- [DATASET EXCERPT]
______________________________
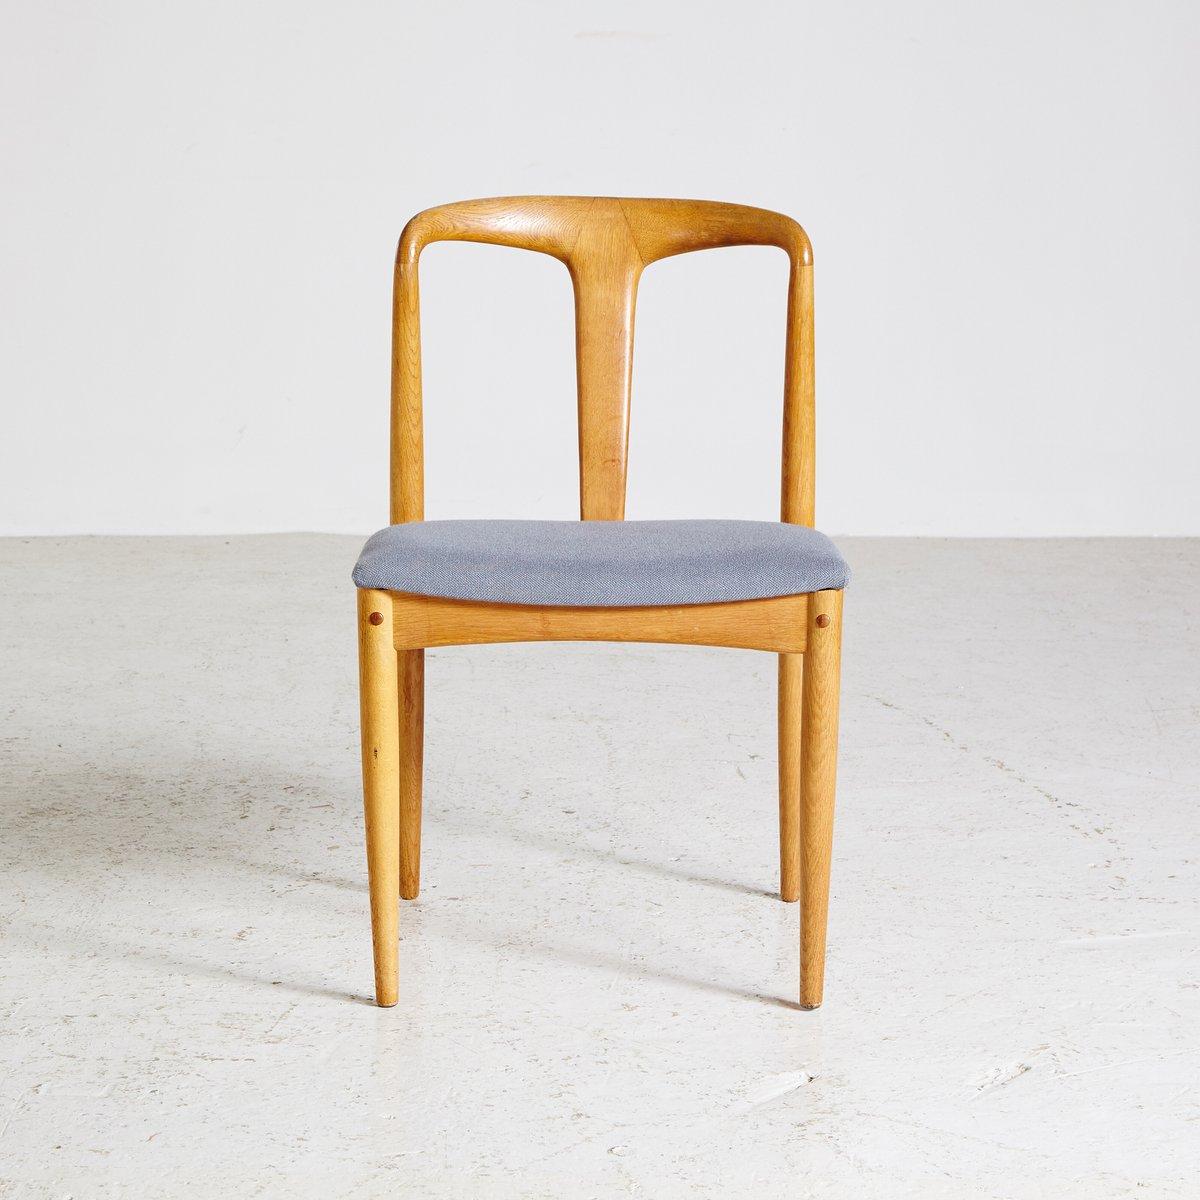 Juliane Dining Chair By Johannes Andersen For Uldum Møbelfabrik 1960s
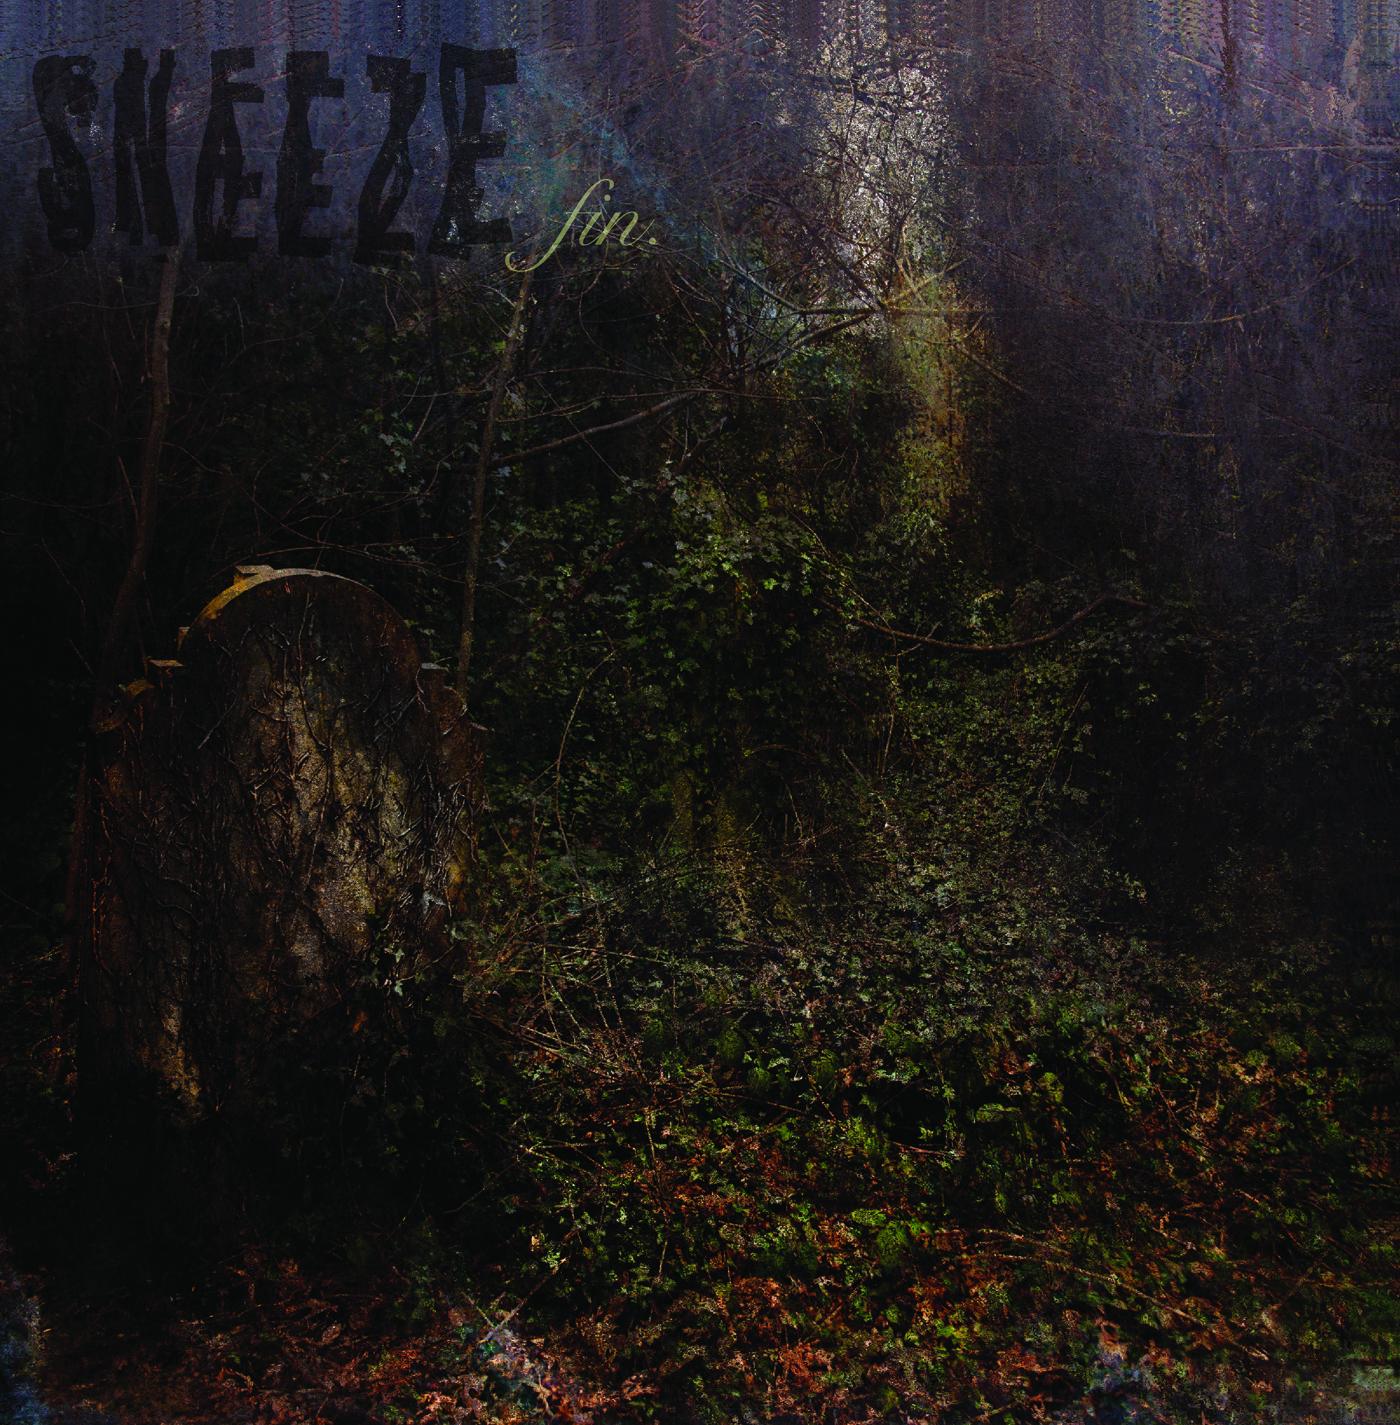 PRE-ORDER*** Sneeze - fin  LP (coke-bottle clear) - $12 00
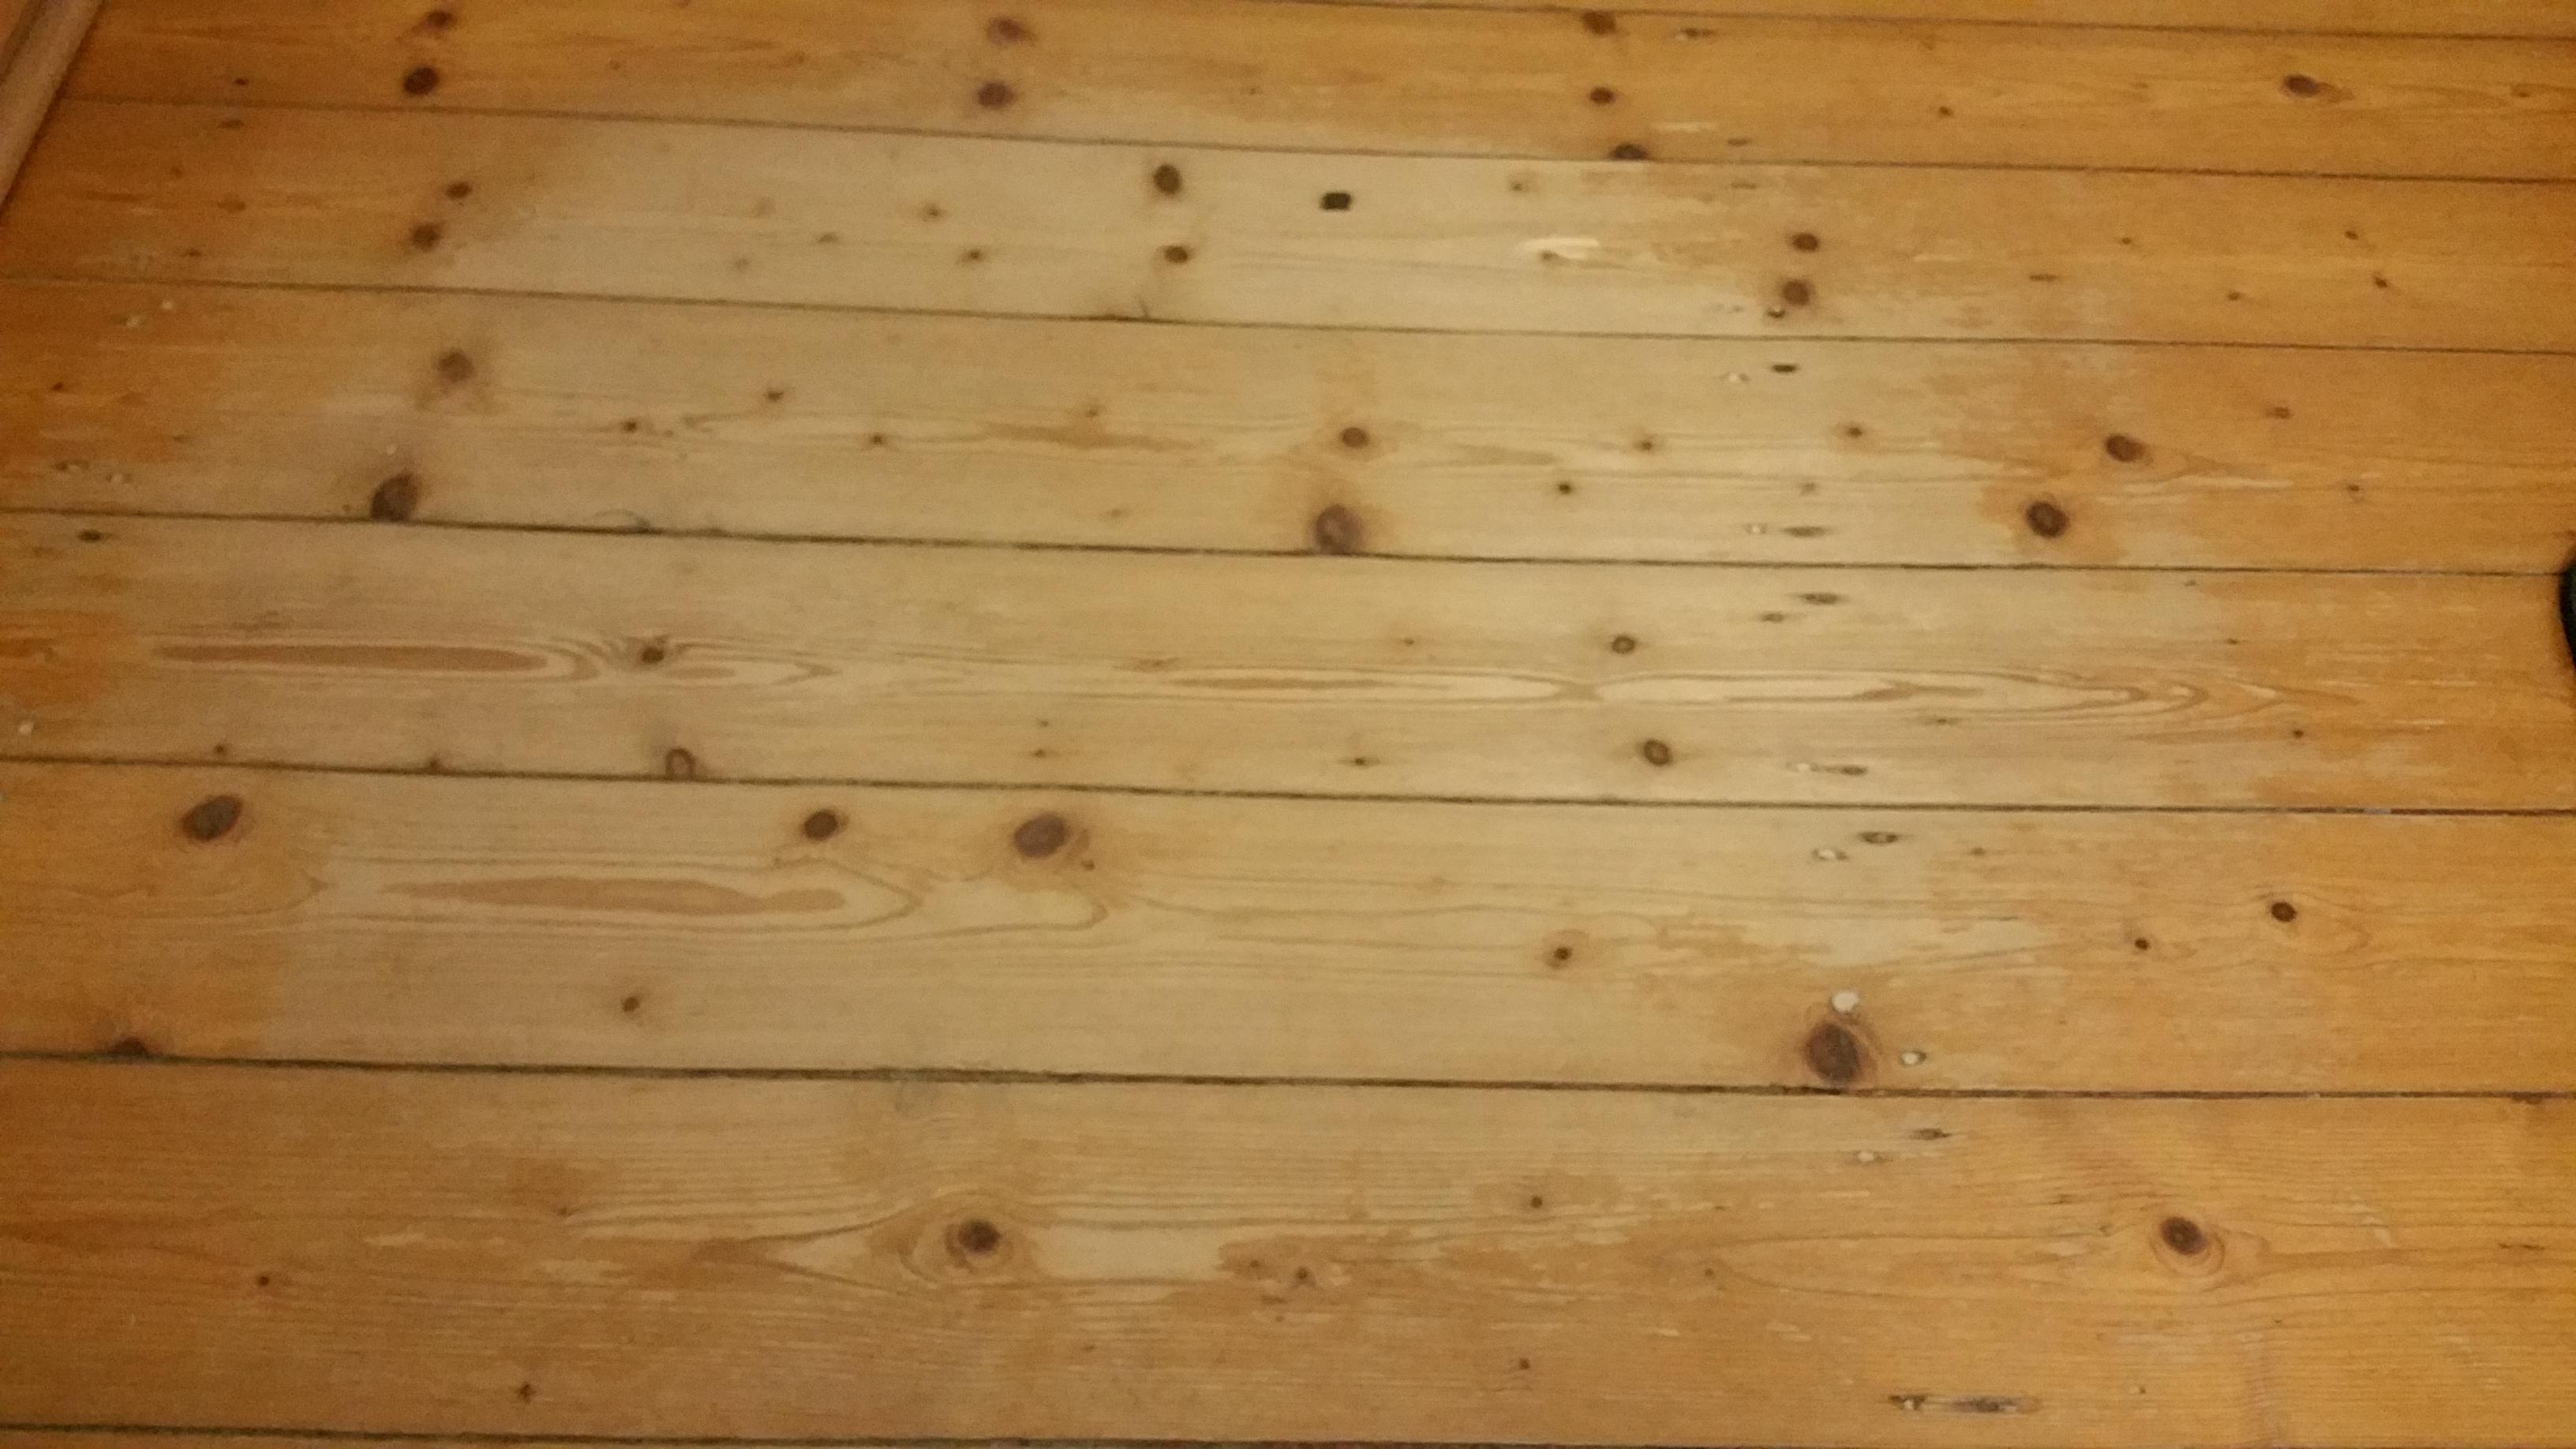 Fußbodenbelag In Mietwohnung ~ Mietwohnung fußboden beschädigt haftpflicht diese schäden
______________________________
What you return must match the material above exactly, apart from its pictures.

- [WRITTEN ANSWER]
 Juliane Dining Chair By Johannes Andersen For Uldum Møbelfabrik 1960s
 PRE-ORDER*** Sneeze - fin  LP (coke-bottle clear) - $12 00
 Fußbodenbelag In Mietwohnung ~ Mietwohnung fußboden beschädigt haftpflicht diese schäden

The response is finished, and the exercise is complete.